Now that the Supreme Court’s ruling on the Affordable Care Act– including the individual mandate and Medicaid expansion (with an important limitation) – has had a few days to sink in, all eyes are turning toward the states to see what they will do about that limitation.
Here’s the limitation: the Supreme Court held that the federal government could provide the incentive to expand Medicaid – which under the ACA is 100 percent of the costs of expansion for the first year, with a gradual reduction to 90 percent over a 10-year period – but could not punish states by taking away any current Medicaid dollars if they did not expand.“They [the Court] thought they had to give the states something,” one Washington insider told Behavioral Healthcare, of the 26 states that opposed the ACA in the Supreme Court case.
The argument for the mandate was essentially that having health insurance is the right thing to do, since sooner or later everyone will need health care and health care isn’t free. But just because it’s the right thing to do, can the federal government require it (recall the discussion about whether the federal government could require people to eat broccoli, just because it’s good for you)?

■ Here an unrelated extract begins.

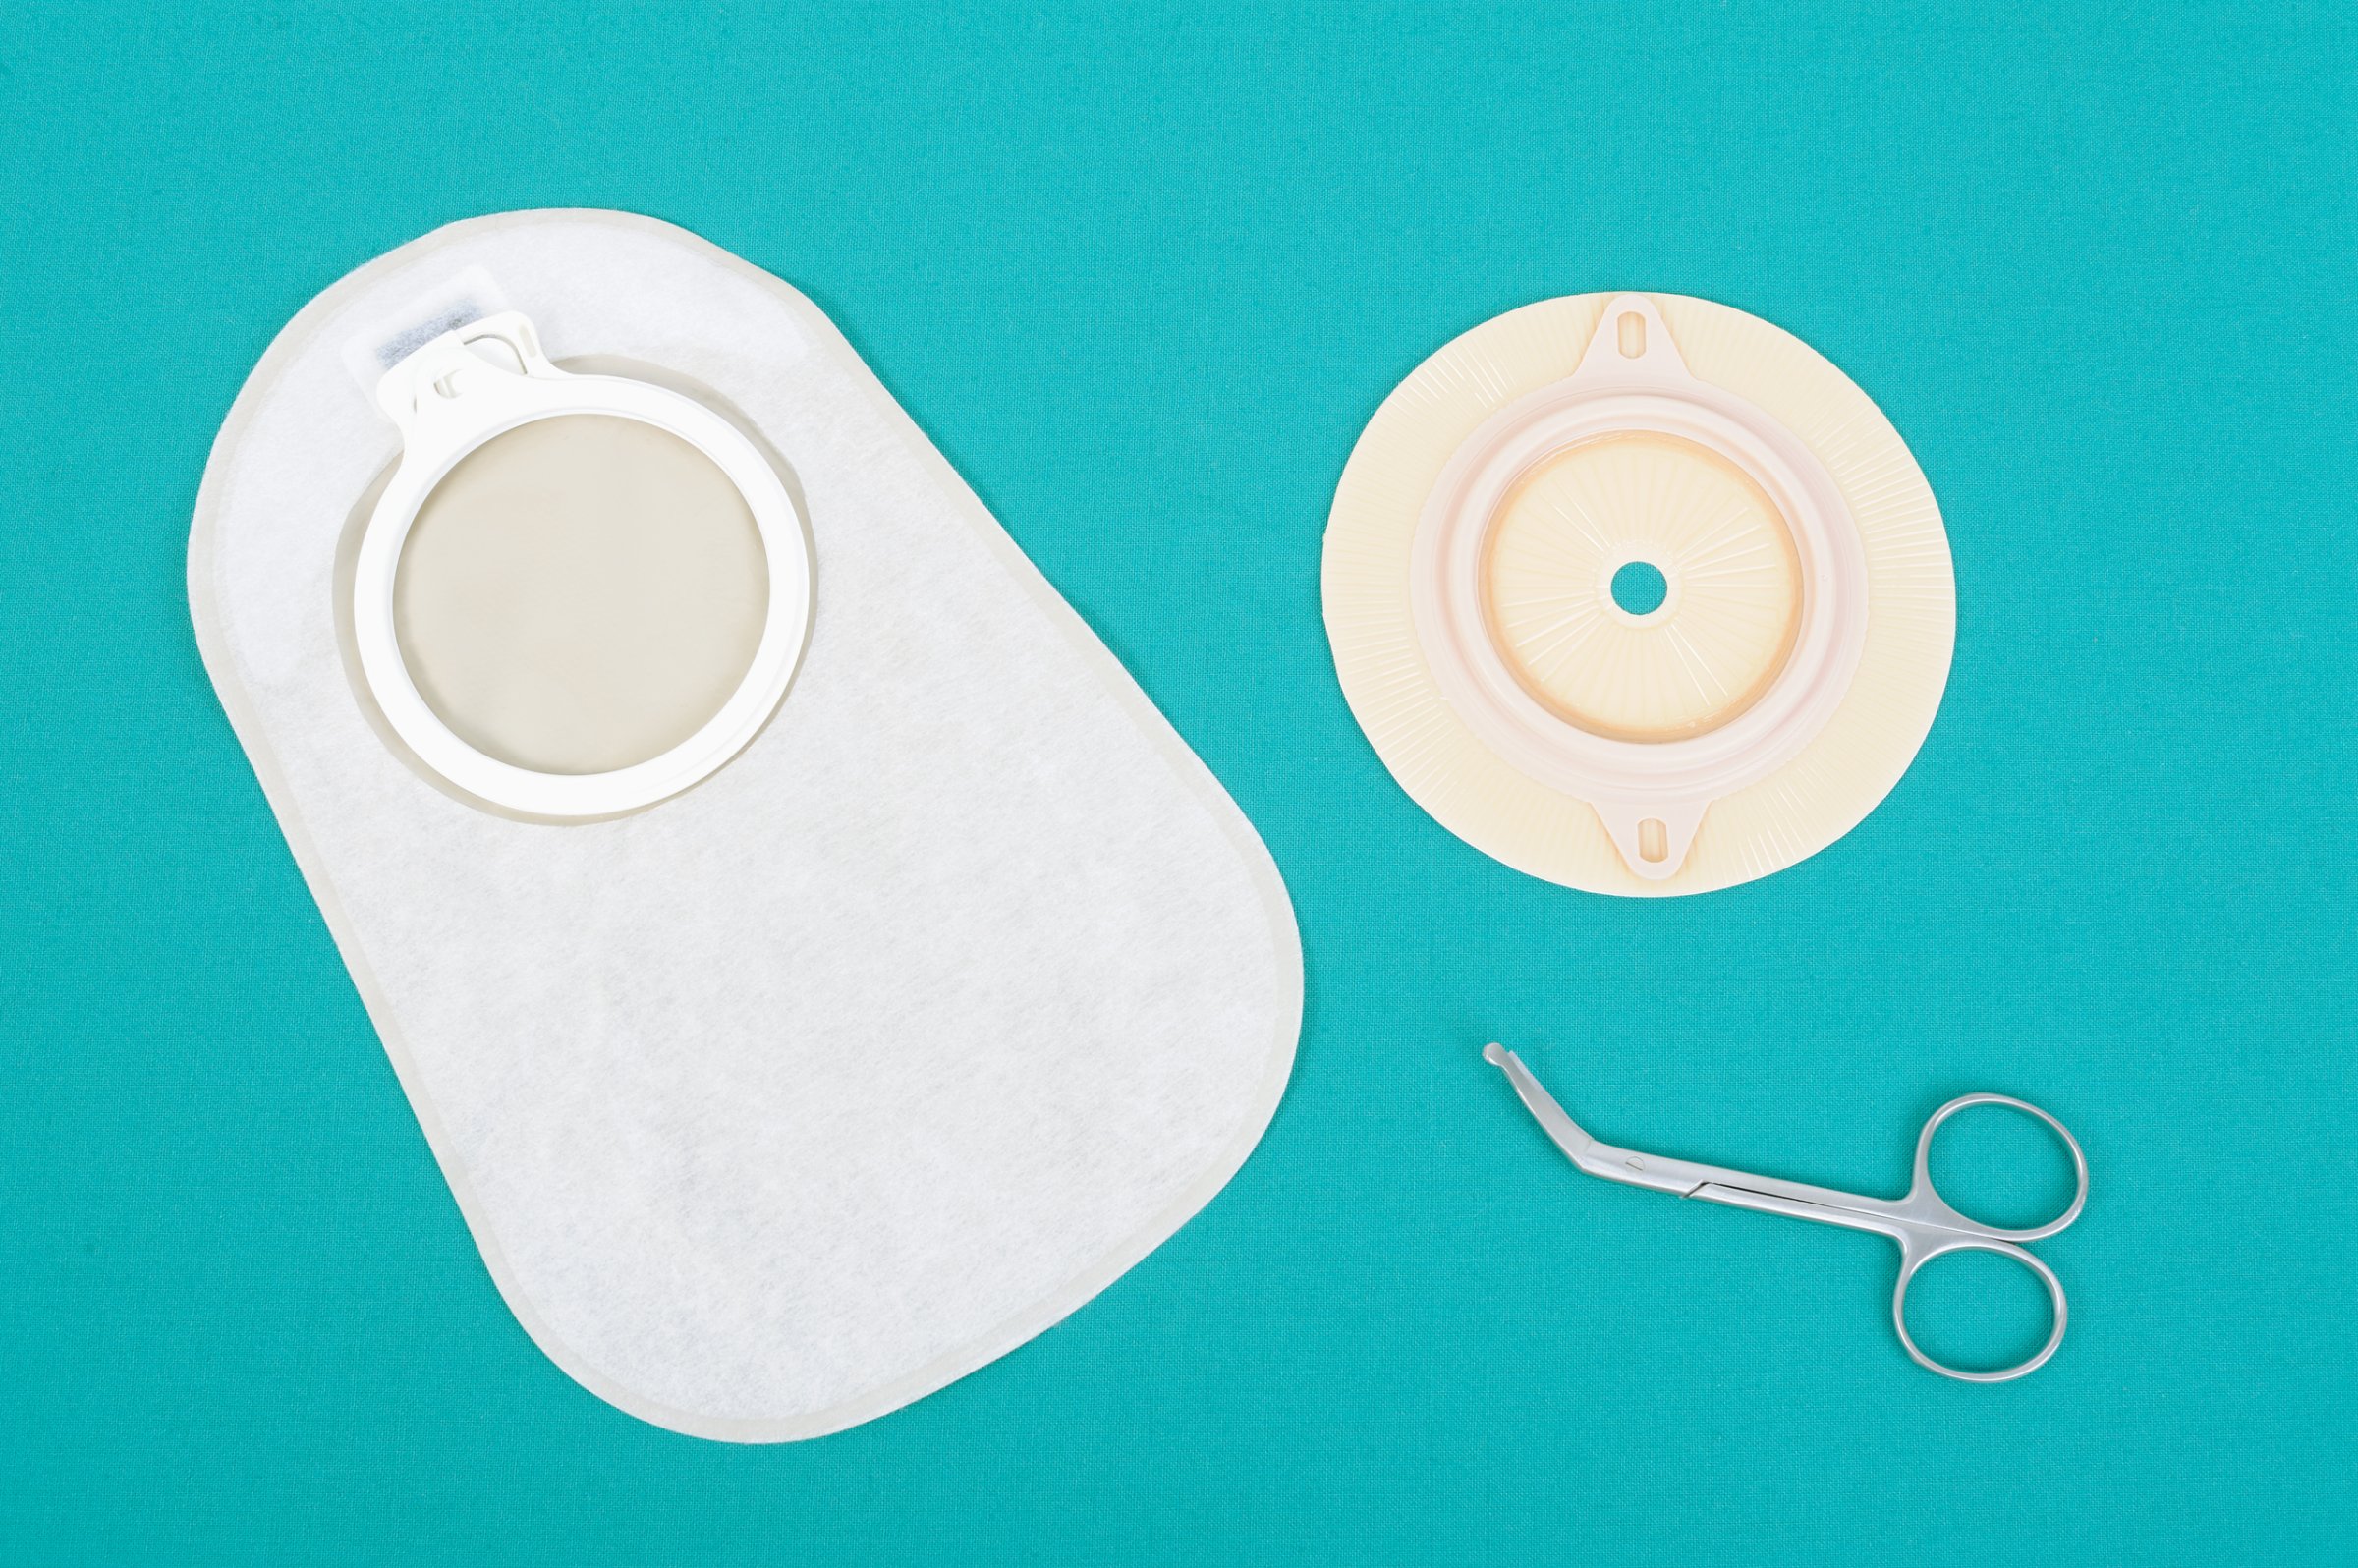 Ostomy supplies, accessory bag and disk with scissors for colostomy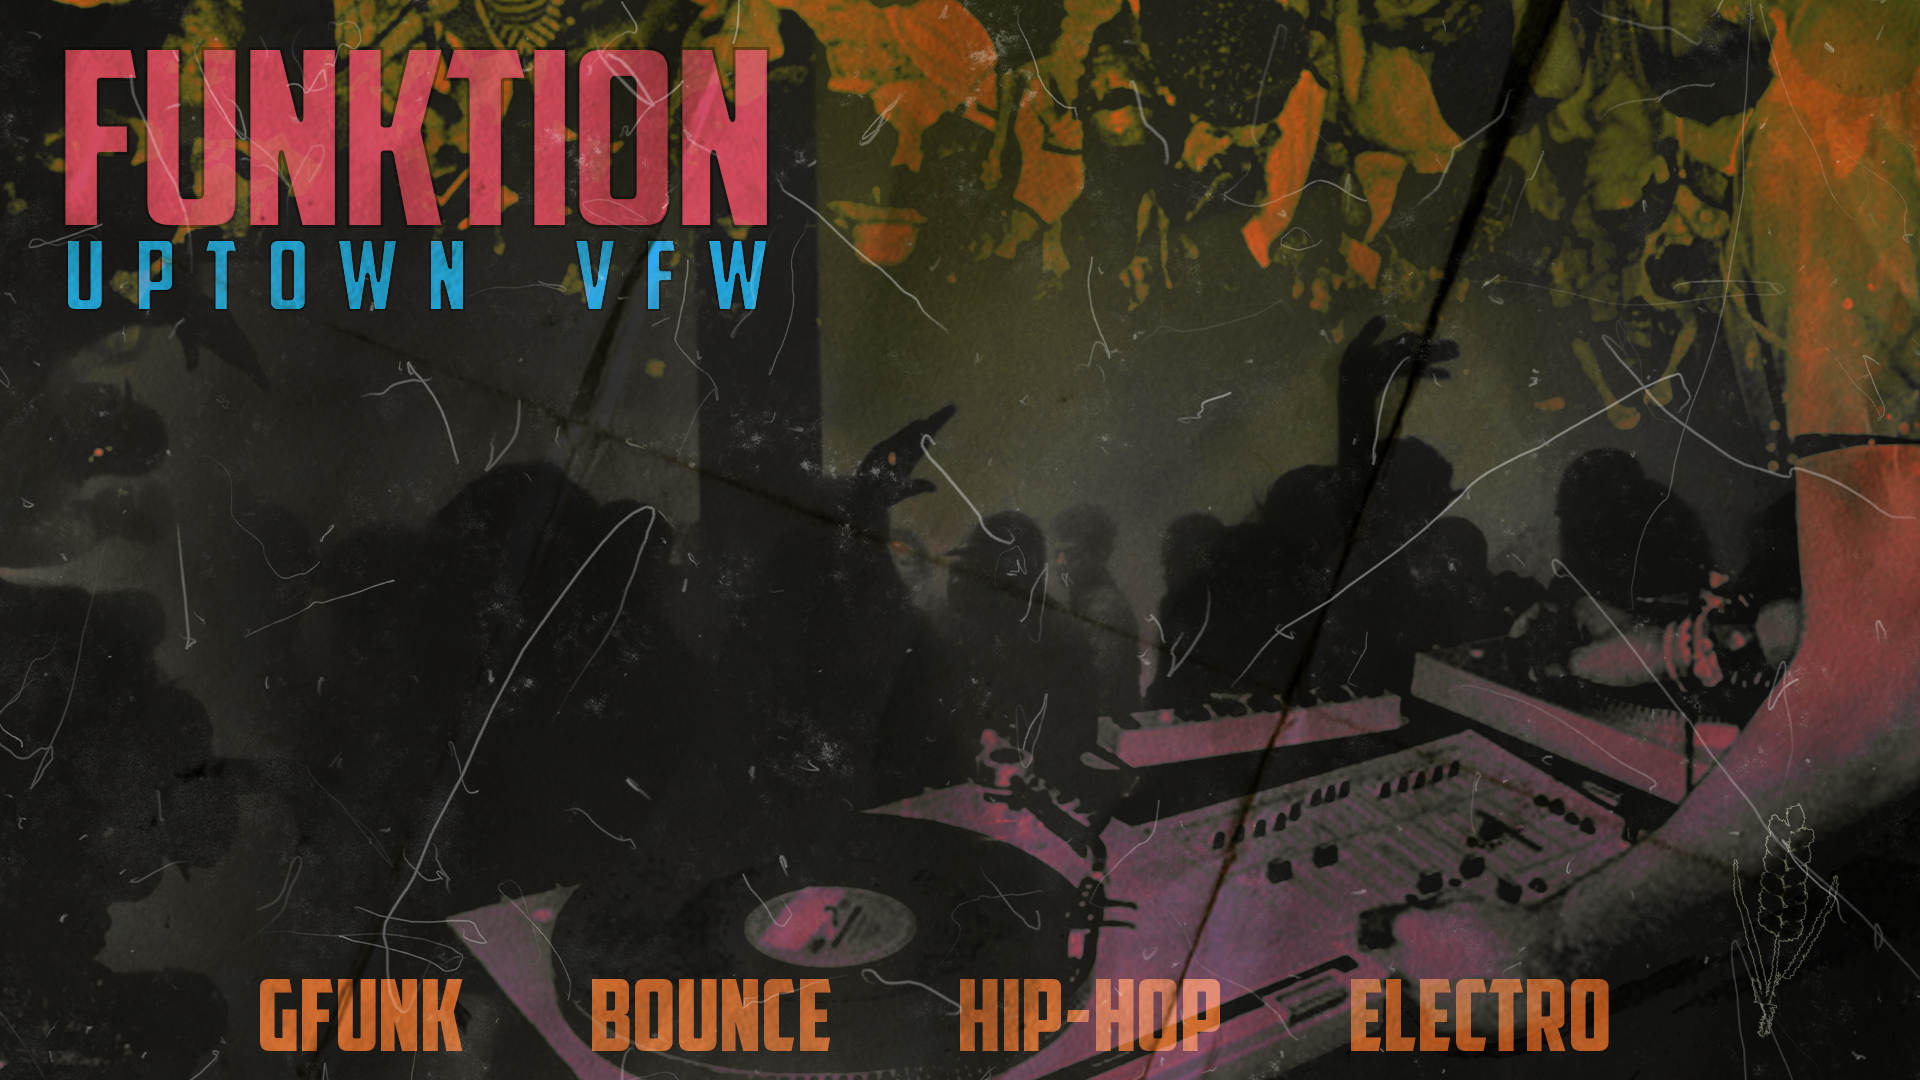 Funktion Friday, April 28 James Ballentine "Uptown" VFW Post 246 2916 Lyndale Ave S. Doors 10:00pm :: Music 10:00pm :: 21+ GA $5 ADV / $10 DOS NO REFUNDS

The argument against the mandate, heard in the case NFIB v. HHS was headed up by small business employers. The National Federation of Independent Businesses, the lead plaintiff in the Supreme Court case, said its small business members could not afford to buy health insurance for their employees. The unspoken question is, of course, how can their employees, many of whom are paid low salaries, afford health insurance on their own? Health insurance on the open market for a family costs at least $17,000 a year in New York State, for example.
But the majority of the Supreme Court upheld the mandate, and with that, the rest of the ACA, with the exception of the “stick” part of Medicaid expansion. The “carrot,” which is huge, is still there.
While the individual mandate got a lot of attention in media coverage prior to the Court’s decision, the Medicaid expansion, under which people earning up to 133 percent of the federal poverty limit get free health insurance via an expanded Medicaid program, has been what public health and behavioral health treatment advocates for treatment have pinned their hopes on for 2014.
The National Council is “thrilled” that the Supreme Court upheld the ACA, but “disappointed” with the Medicaid expansion decision, says Chuck Ingoglia, vice president for public policy. Still, with Medicaid expansion paid for 100 percent by the federal government, wouldn’t every state want to do it? Probably not every state, he says. “Just looking at the math, they should,” he says. But there may be some governors who, for ideological reasons, will not want to do it. “Over the next two years, we have to work with governors and state legislatures,” he says. “There will probably be some states that choose not to expand Medicaid.”
The Medicaid expansion would, for the first time in memory, enable states to extend health coverage to childless, low-income adults, a population that is often neglected under current Medicaid programs. It would thus open up the possibility of medical and behavioral health treatment to many who have been unable to access it.
In all, the Medicaid expansion provisions of the ACA would provide coverage for 17 million currently uninsured Americans.
Medicaid managed care
When providers hear “Medicaid” in the context of the ACA decision, they should think “insurance company,” and of the need to justify each and every patient encounter, instead of providing whatever services they can with the regular check that comes from the state or county. Patrick Gauthier, director of Healthcare Solutions, a division of Advocates for Human Potential (AHP)is cautioning providers about this aspect of Medicaid expansion: it is more likely to be via managed care plans.
The majority of states are already contracting with managed care organizations to manage their Medicaid programs or are heading in that direction, says Gauthier. And economic pressures, in the wake of the Supreme Court’s ACA decision will only spur states toward greater use of Medicaid managed care contractors, even for states that might decide against a Medicaid expansion. “It may come in different guises under different names like ‘Coordinated Care Organizations’ (the term used in Illinois and Oregon) but the basic principle of having private entities — payers, administrators, utilization and benefit managers, as well as providers — integrate and assume some share of the financial risk to better control and contain finite resources will only make more sense and occur more often not less,” he adds.
This leads to other questions. Whether Medicaid managed care will have to comply with the parity rule is still unclear, says Gauthier. Medicaid managed care plans, while they do have to comply with MHPAEA the law, do not have to comply with the interim final rule (IFR) implementing the law. “The result is confusion at all levels,” says Gauthier. The field is waiting for the Centers for Medicaid & Medicare Services (CMS) to issue a final rule, as well as a specific directive that Medicaid managed care plans must comply with the final rule.
The health insurance exchanges that states are required to set up (or allow the federal government set up for them) will be marketplaces where people whose income is too high to qualify for Medicaid (134 percent of FPL or above) can buy insurance.